Or, à l’heure actuelle, nous n’avons tout simplement aucune idée de ce à quoi ressemblerait l’humanité avec une génération entière de bébés cultivés loin de leurs mères. Et l’impact d’une telle dynamique pourrait être profond. Car en substance, il s’agirait de modifier un processus de développement qui conditionne directement le visage de l’humanité depuis des dizaines de milliers d’années.
Dans une interview à Metro sur un autre sujet, la professeure Anna Smajdor a donné un exemple très parlant. Elle expliquait que « les contraintes de l’utérus et du pelvis humain ont agi comme des freins à la taille du crâne et du cerveau humain ».

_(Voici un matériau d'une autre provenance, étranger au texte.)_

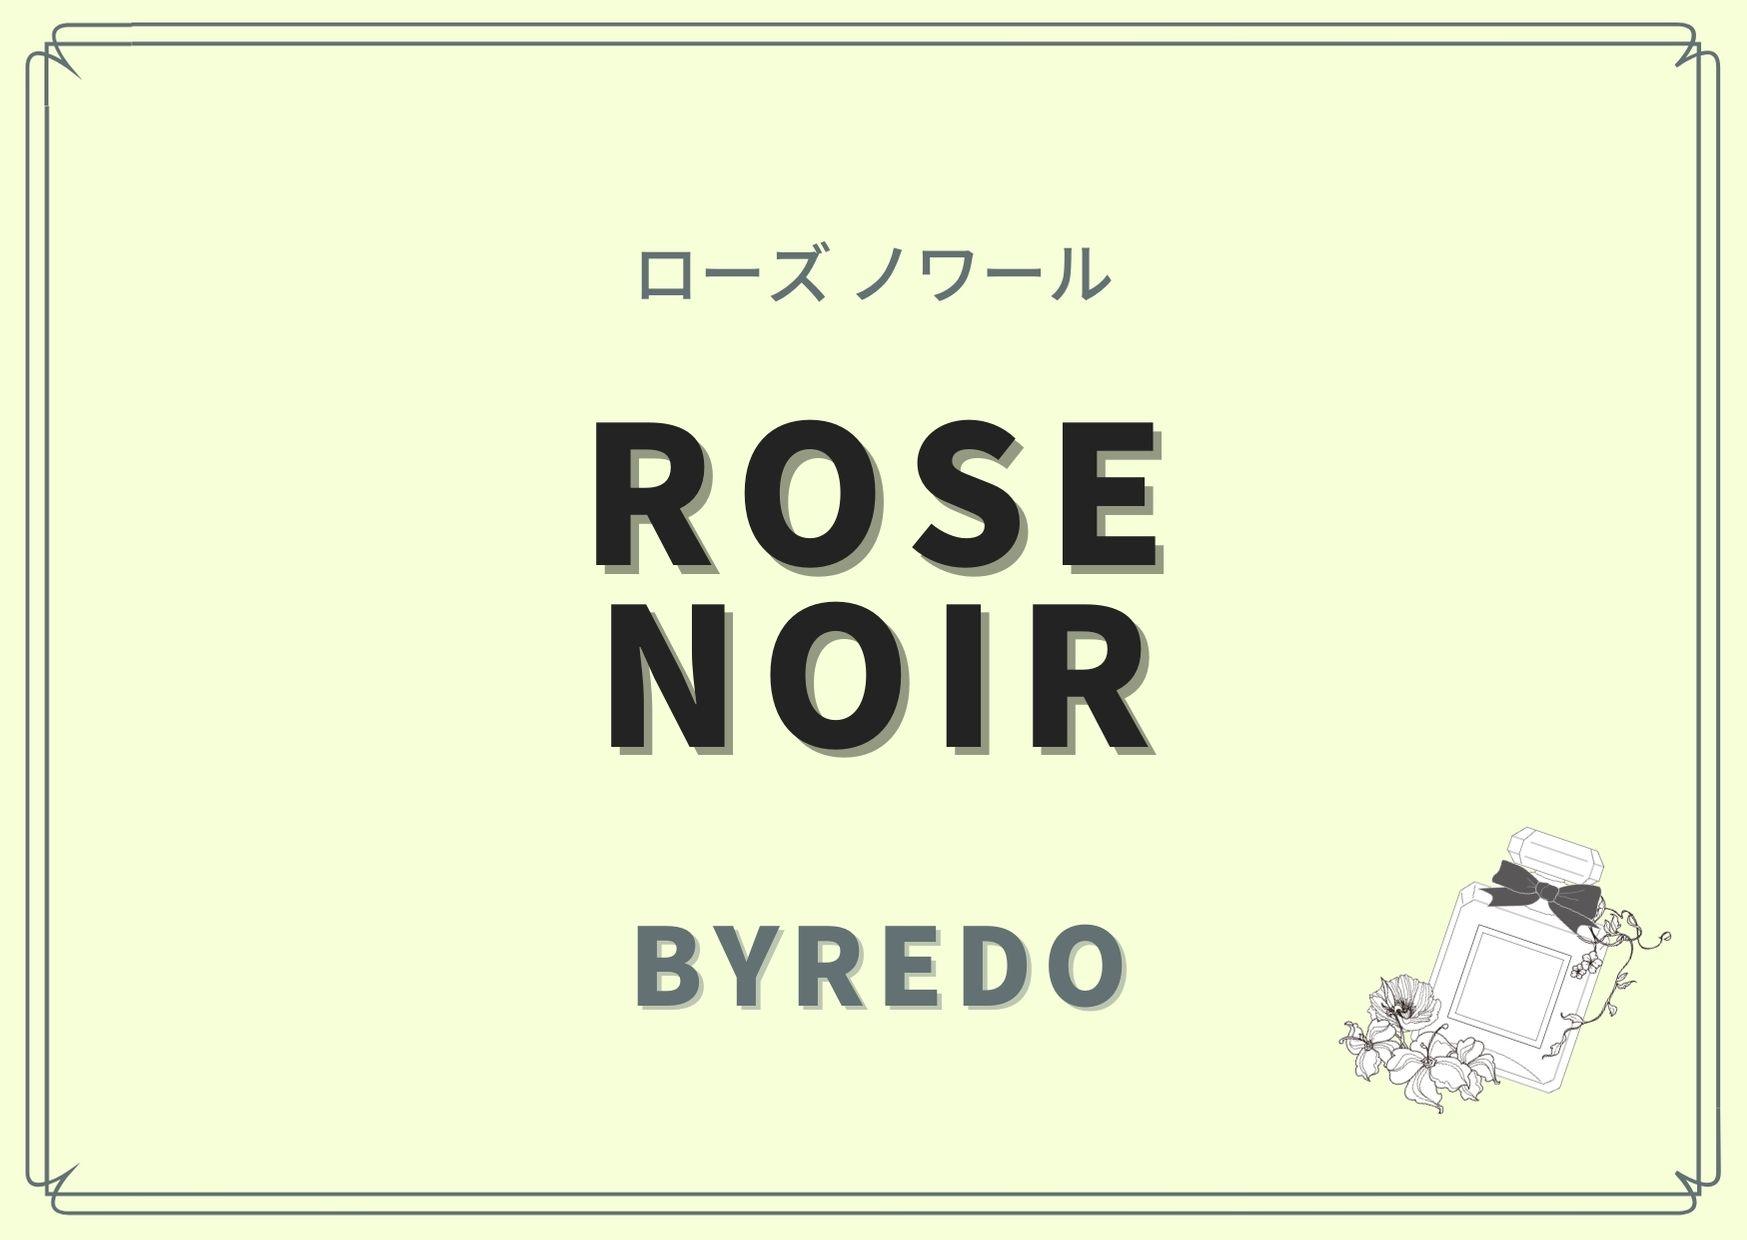 ROSE NOIR(ローズ ノワール)/ BYREDO(バイレード)
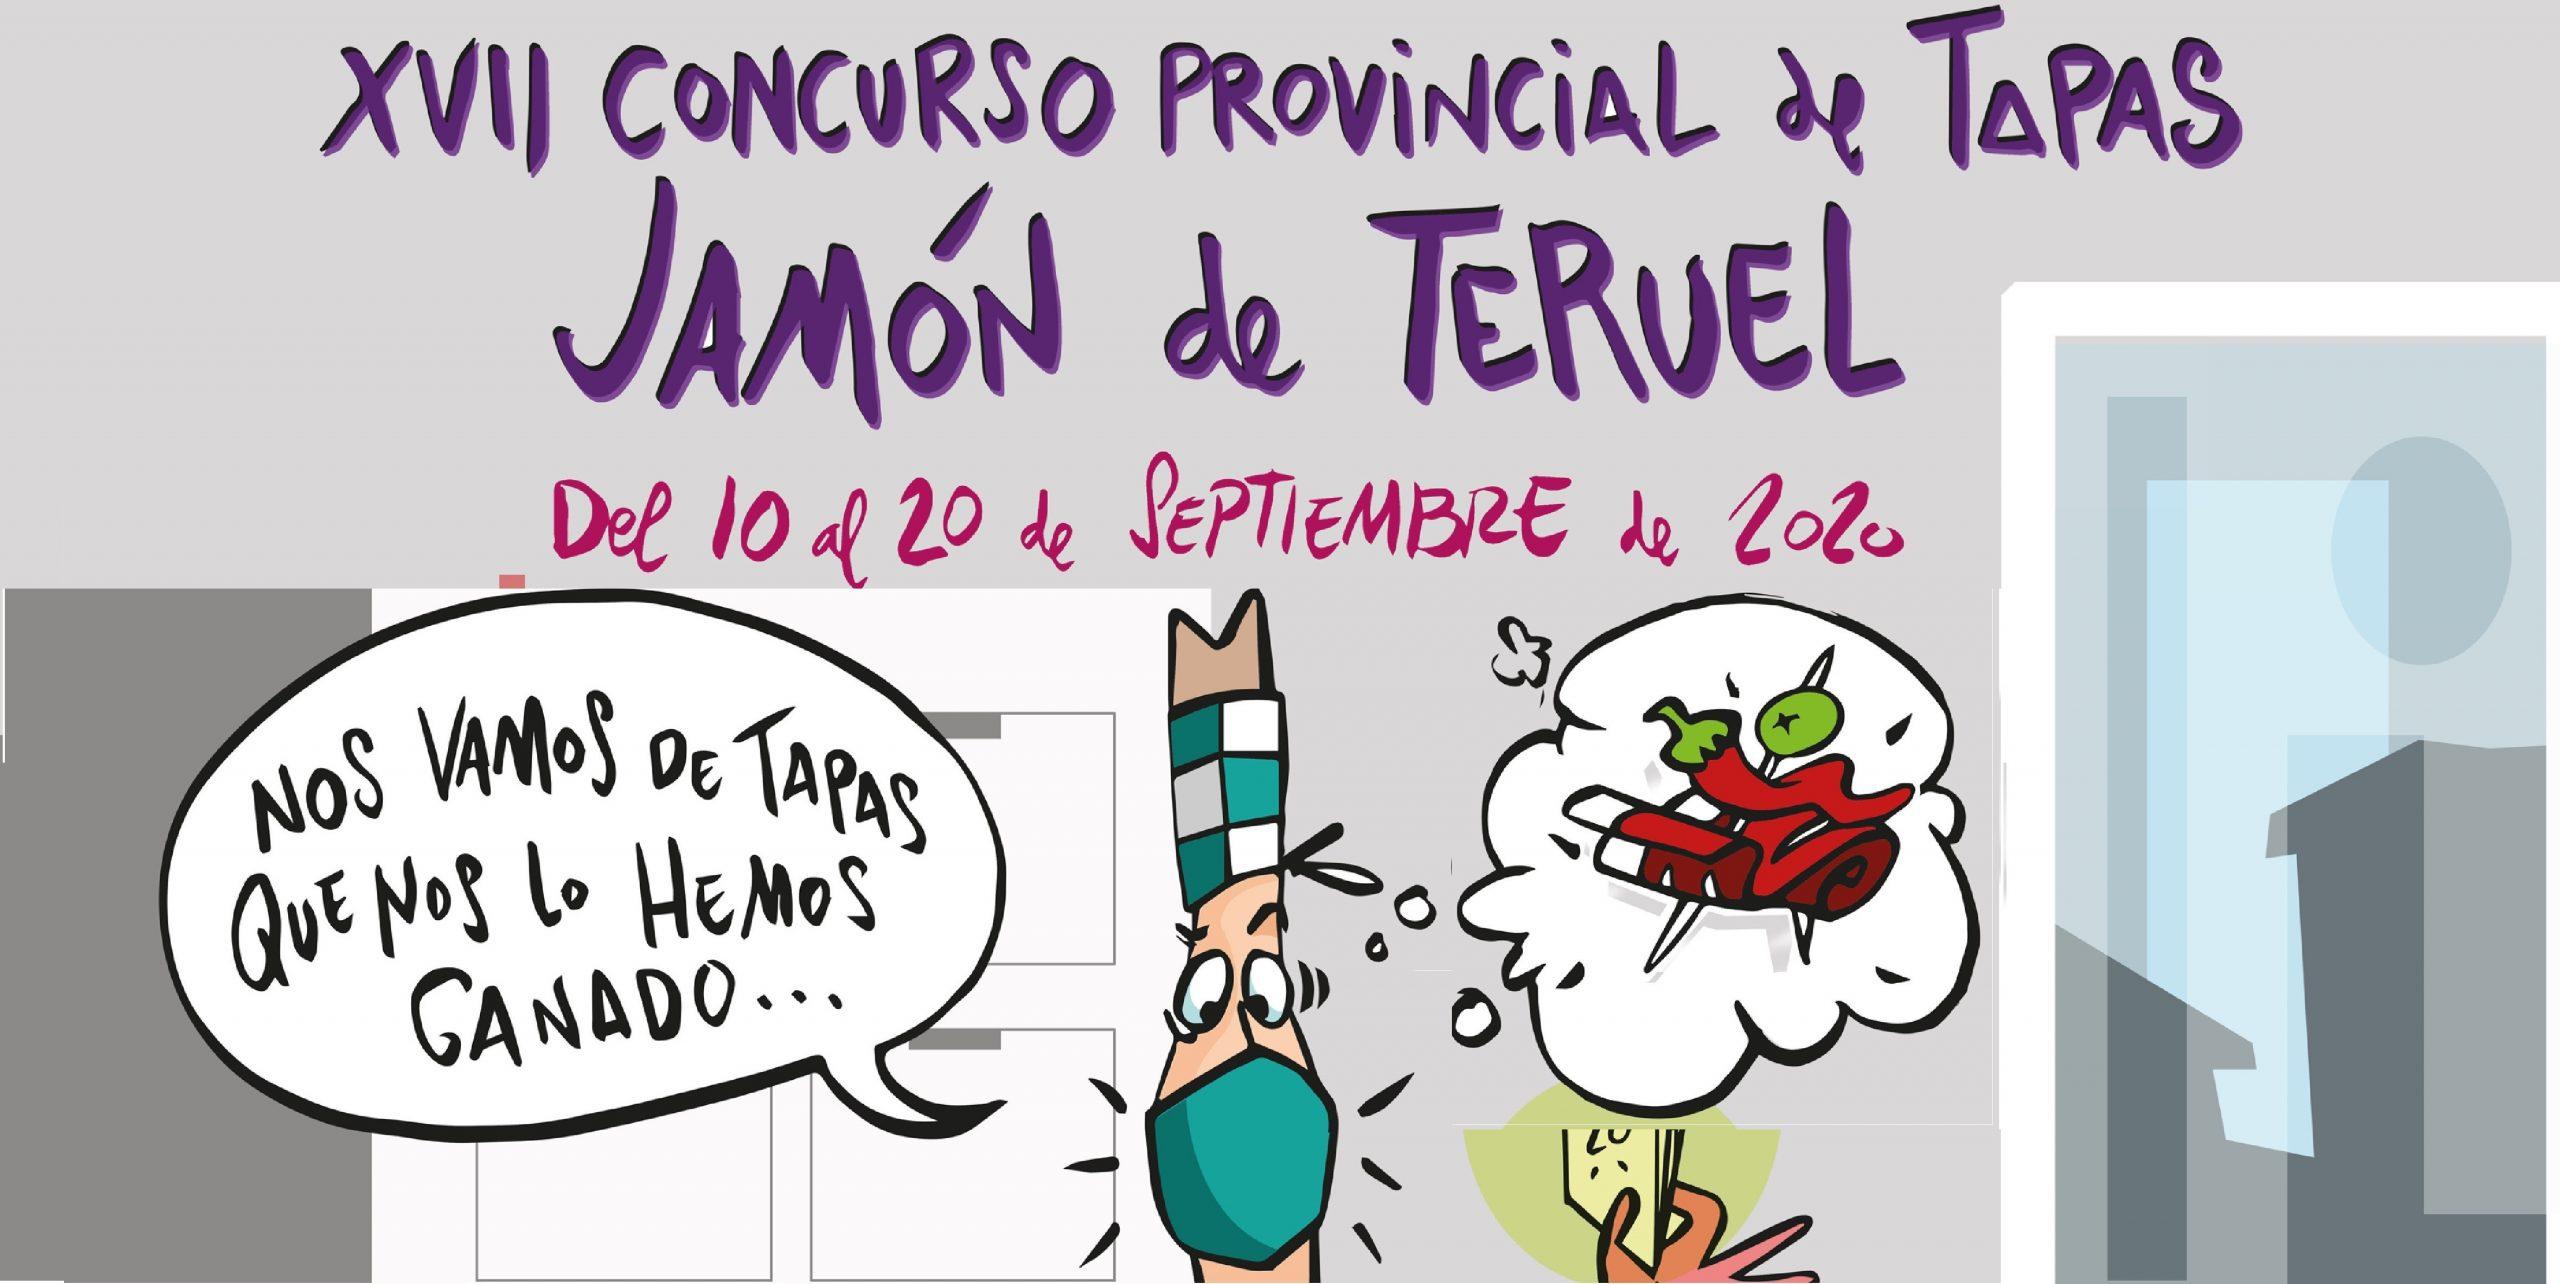 XVII CONCURSO PROVINCIAL TAPAS JAMÓN DE TERUEL

Un changement radical dans la trajectoire de l’humanité
Cela signifie-t-il qu’il faut absolument cesser d’accoucher naturellement pour faire avancer l’humanité ? Absolument pas. D’ailleurs, cela ne signifie en aucun cas que les humains deviendraient plus intelligents s’ils naissaient ainsi. Mais c’est un bon exemple pour montrer que si homo sapiens sapiens était « libéré » des contraintes de la grossesse normale, cela pourrait changer complètement la trajectoire évolutive de l’humanité — pour le meilleur ou pour le pire. Car il ne s’agit que d’un exemple isolé, et des tas d’autres conséquences scientifiques et sociales aujourd’hui imperceptibles nous attendent forcément au tournant.
Autant dire qu’il Il conviendra de surveiller de l’évolution de cette niche technologique comme le lait sur le feu. Et surtout, il faudra espérer que les décideurs politiques sauront anticiper l’explosion annoncée de ce qui pourrait devenir un commerce très rémunérateur, et donc particulièrement exposé aux dérives éthiques.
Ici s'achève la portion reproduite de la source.